= AIM OF THE TASK =
Begin the copy at the line containing "Чипсы Lay's Молодой" in the data below and end it at the line containing "Silberne Halskette mit", keeping each line exact and leaving out pictures.

= PROVIDED RECORDS =
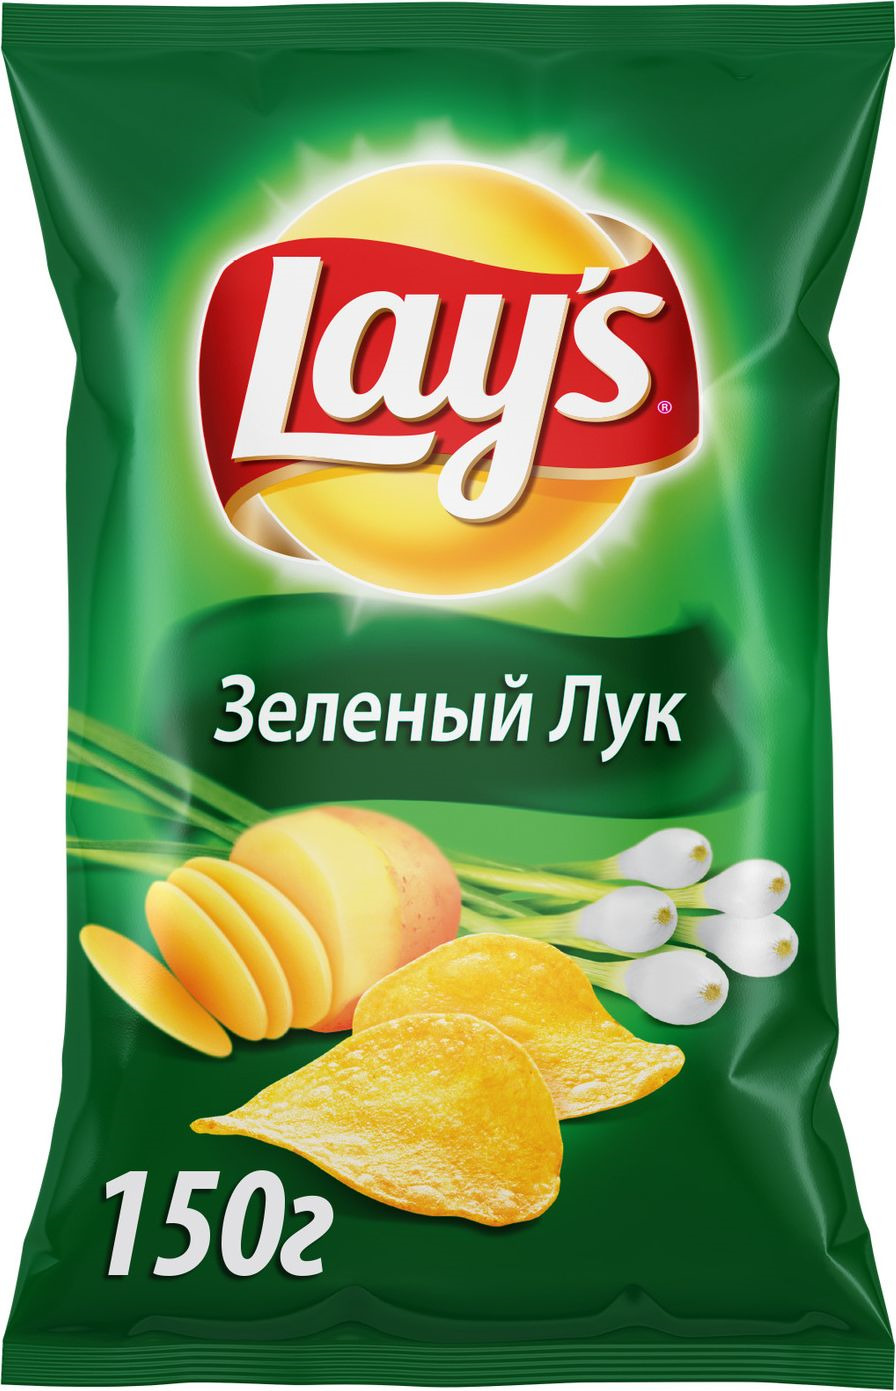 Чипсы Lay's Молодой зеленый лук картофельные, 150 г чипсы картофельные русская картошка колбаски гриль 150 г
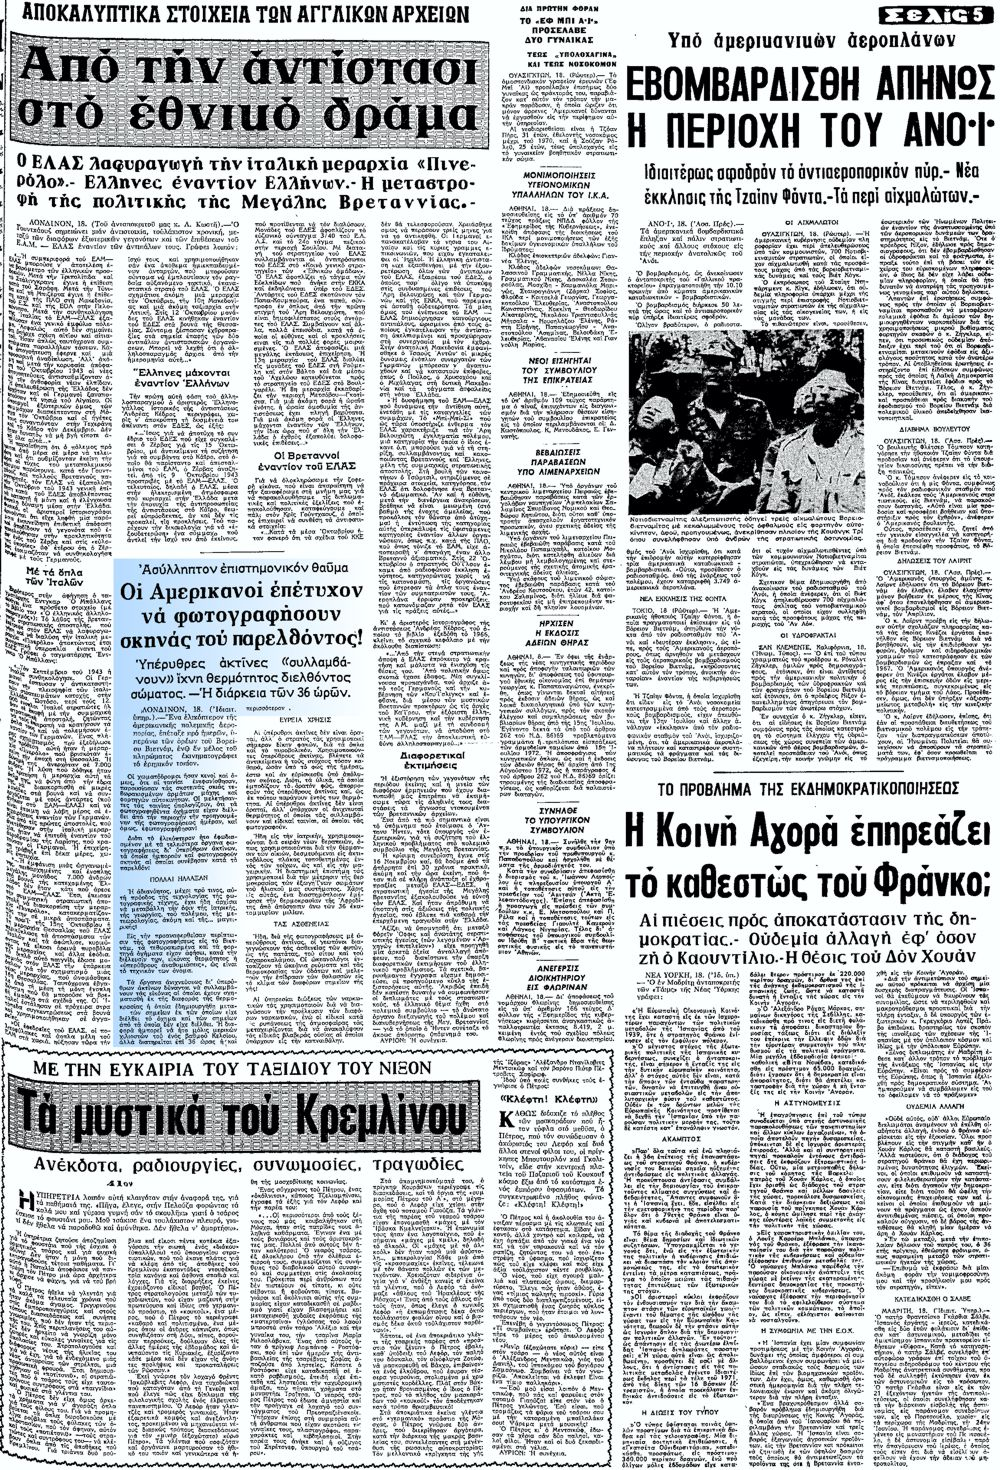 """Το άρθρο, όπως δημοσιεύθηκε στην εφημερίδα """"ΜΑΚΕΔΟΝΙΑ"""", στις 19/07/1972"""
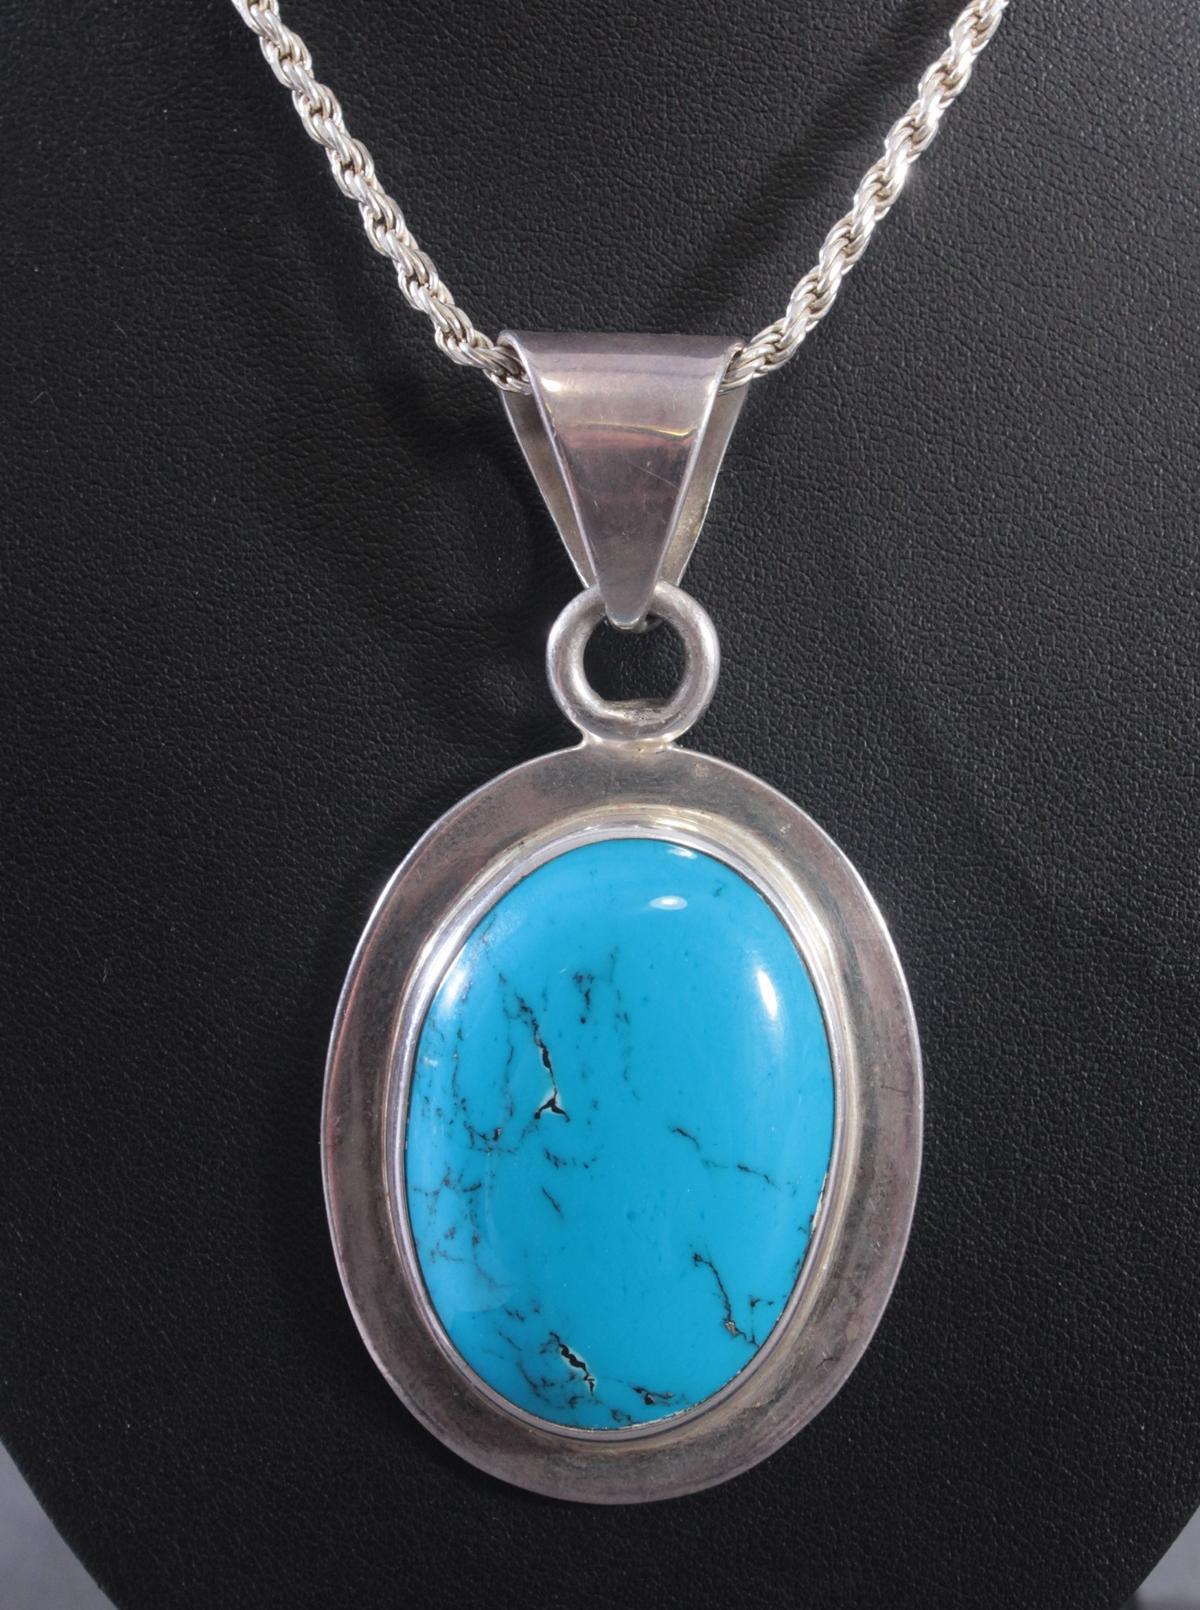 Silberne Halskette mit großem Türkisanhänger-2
---
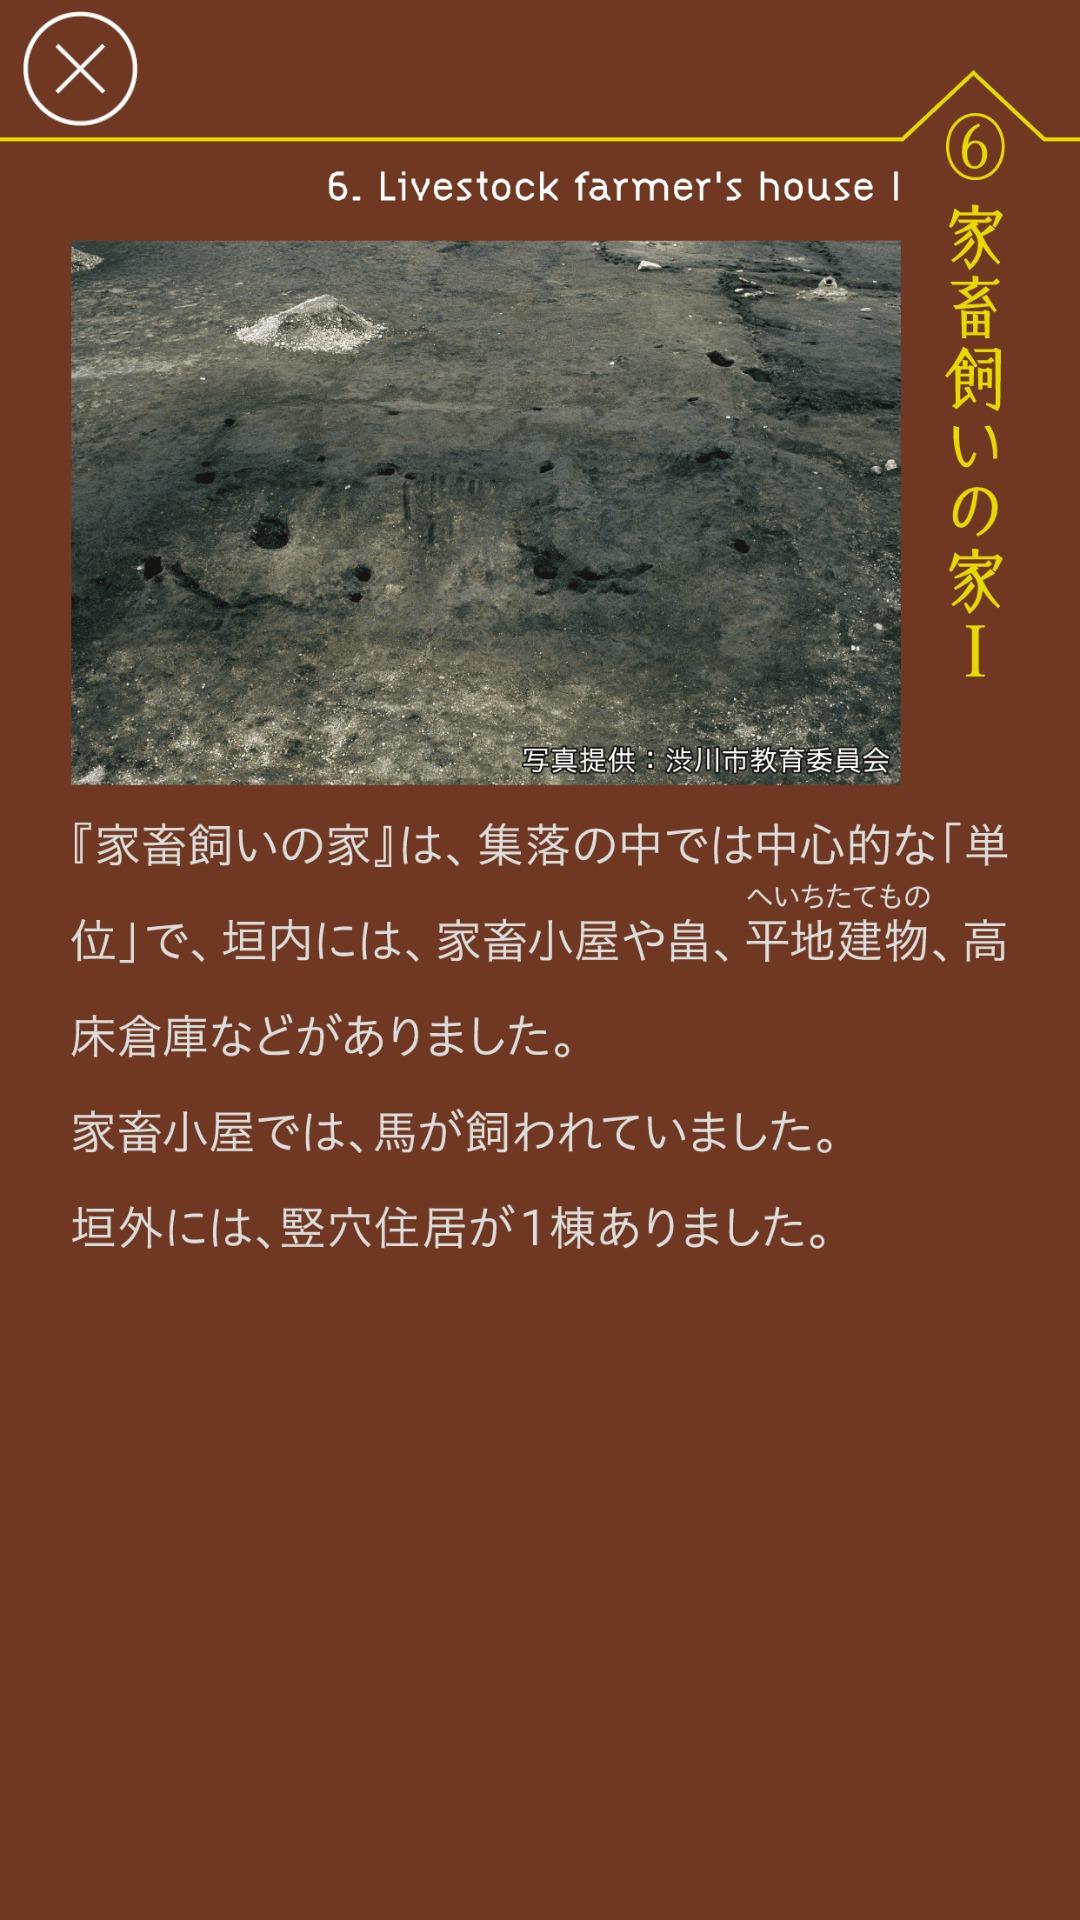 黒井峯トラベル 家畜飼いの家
--
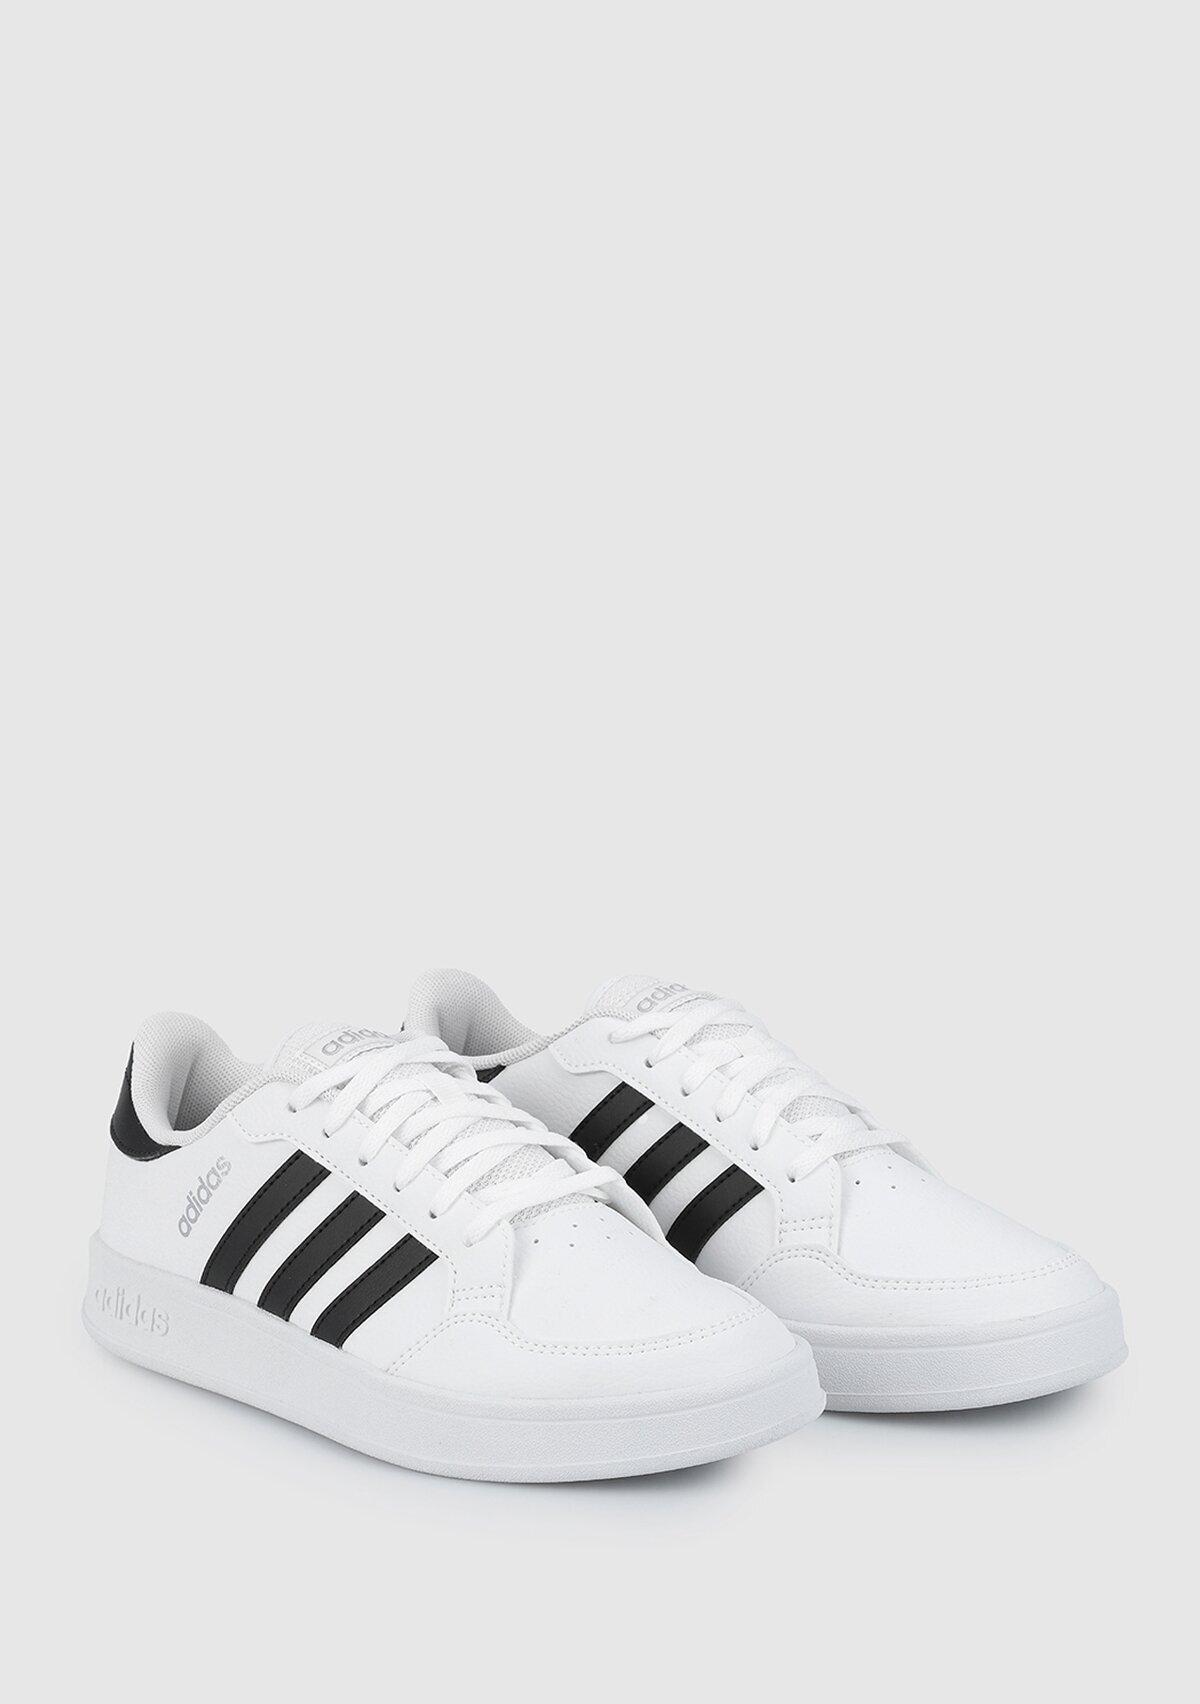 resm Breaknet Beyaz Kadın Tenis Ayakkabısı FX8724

= ANSWER TO THE PROBLEM =
 Чипсы Lay's Молодой зеленый лук картофельные, 150 г чипсы картофельные русская картошка колбаски гриль 150 г
 """Το άρθρο, όπως δημοσιεύθηκε στην εφημερίδα """"ΜΑΚΕΔΟΝΙΑ"""", στις 19/07/1972"""
 Silberne Halskette mit großem Türkisanhänger-2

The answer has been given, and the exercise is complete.